Pensioners now need £37,300 a year in retirement to live comfortably

·2-min read
retirement savings
retirement savings

Workers must now save an extra £90,000 if they want a comfortable retirement, analysis has revealed.

Because of high inflation, retirees will now need an income of £37,300 a year on average, up 11pc from £33,600 a year ago, according to the Pensions and Lifetime Savings Association, a trade body.

To achieve this, they would need a pension pot of £630,000, which is £90,000 more than a year ago, according to RBC Brewin Dolphin, a wealth manager.
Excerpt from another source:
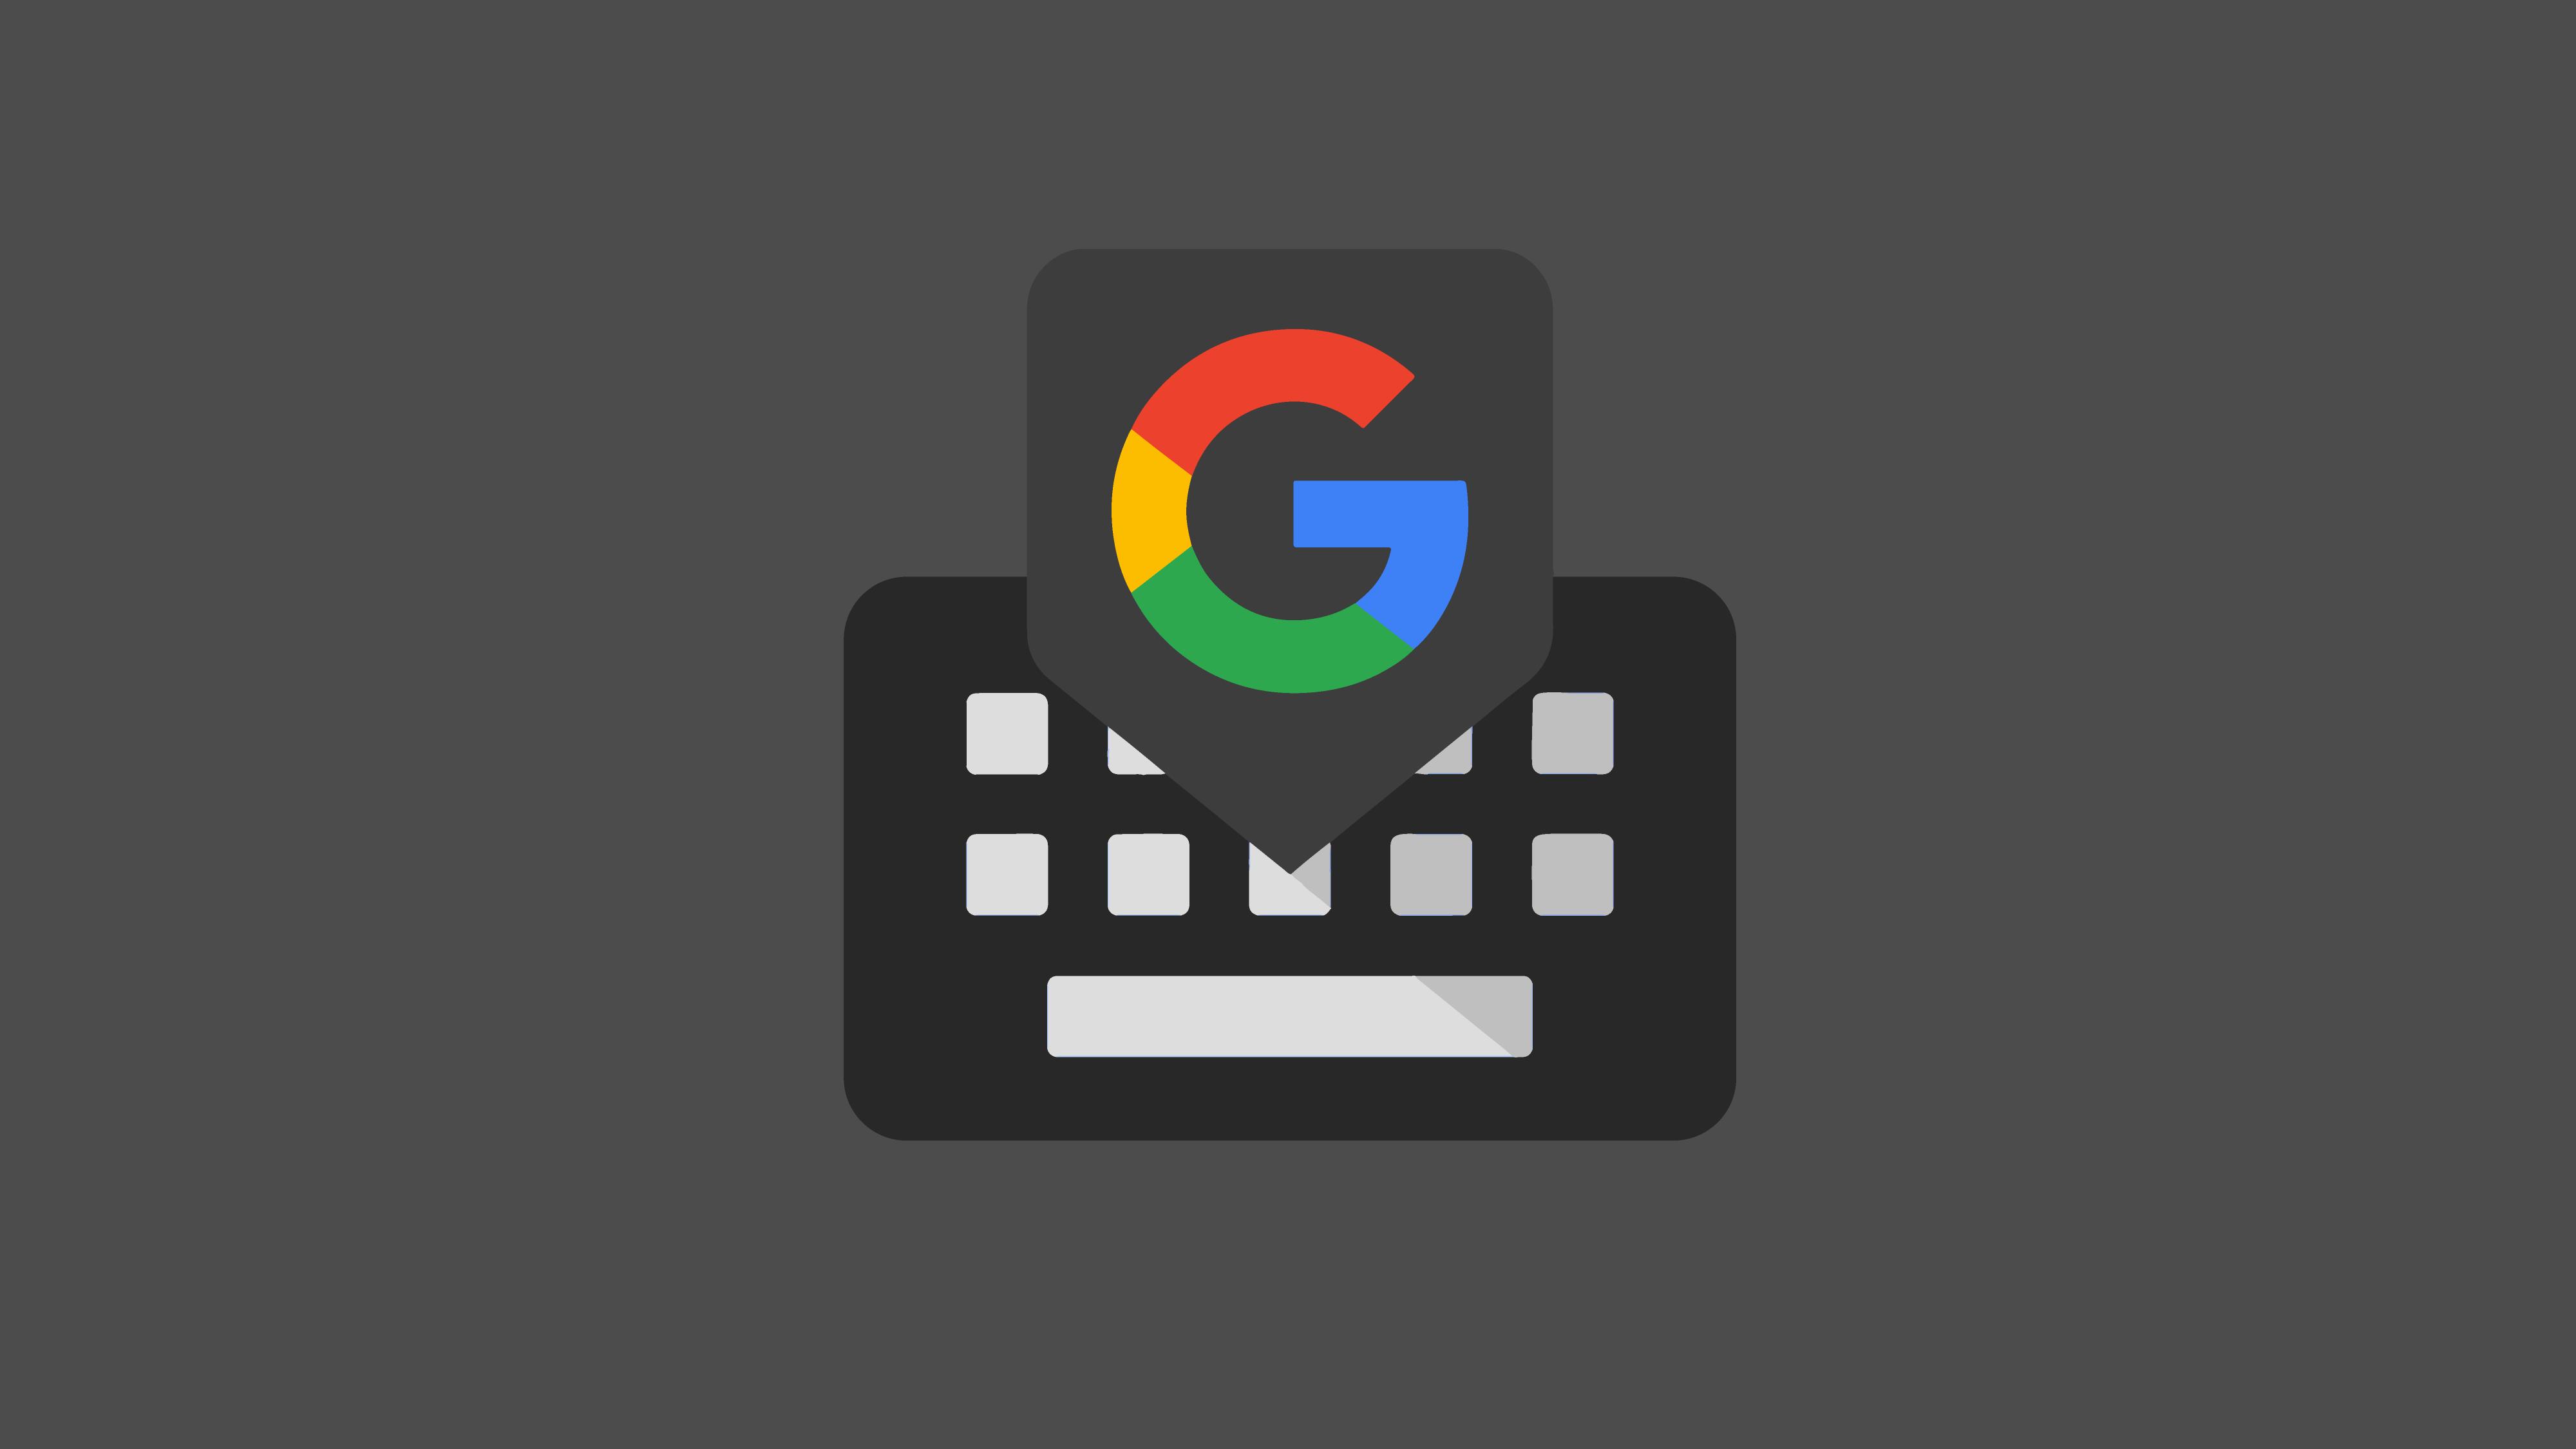 Google si diverte a testare i suggerimenti più svariati su GBoard: smart replay, emoji, sticker, GIF... (foto)
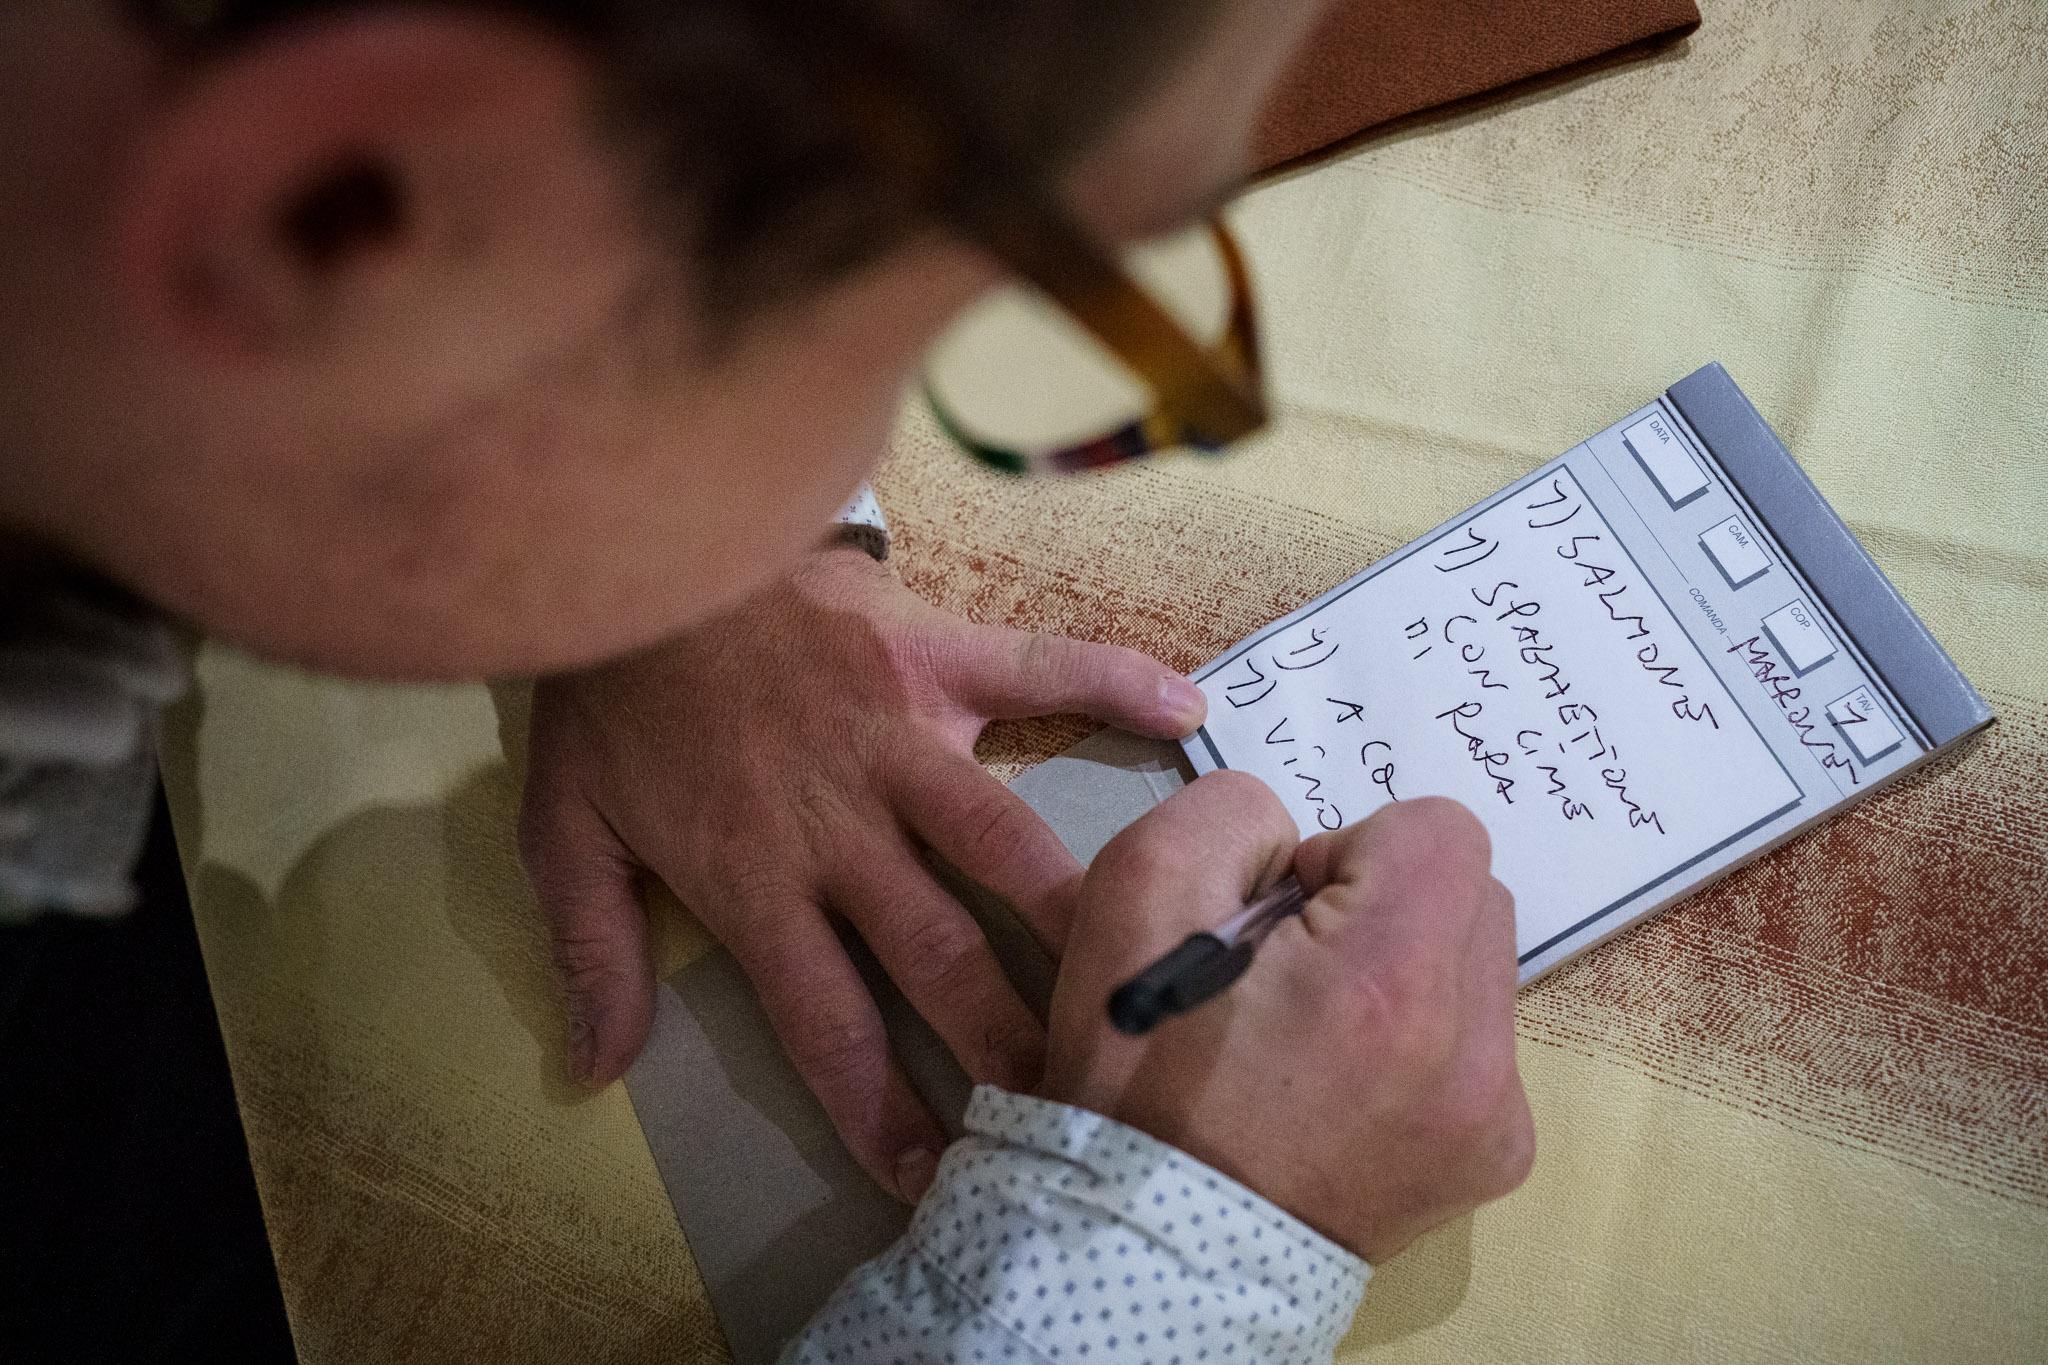 Jonathan writes an order

Workers who are about to retire will see their incomes squeezed this year by the added financial pressure of having to save so much more in a short timeframe.

The analysis assumed an average return of 5pc a year and factored in a full state pension – those without one would need to save even more.

Those who do not put away extra savings could run out of money earlier than planned.

A 40-year-old with a typical pension pot of £120,000 would need to put about £720 a month into their pension to retire with £630,000, assuming 5pc growth and 2pc inflation.

A 50-year-old with a pension pot of £180,000 would have to contribute £1,200 a month.

Carla Morris, of RBC Brewin Dolphin, said: “The combination of stock market volatility and rising inflation makes this a particularly challenging time for those coming up to retirement.”

Three quarters of Britons do not think they have enough in their pension funds to retire, according to a survey by the wealth manager.

One way workers can achieve guaranteed returns in retirement is by purchasing annuities, which exchange a lump sum for a guaranteed income until death. Their pay rates are based largely on the yield on British government bonds, or “gilts”. Yields spiked to levels not seen since 2008 last autumn, after the former chancellor Kwasi Kwarteng’s mini-Budget.

Workers would need a pension pot of approximately £643,000 to buy an annuity that would provide an income of £26,700. Adding this to the £10,600 annual value of the state pension would be enough to retire comfortably.

A downside of annuities is that they are more difficult to pass on to loved ones after death. With some annuities, payments end with the death of the owner, while others will allow for the payments to be made to a spouse or another beneficiary.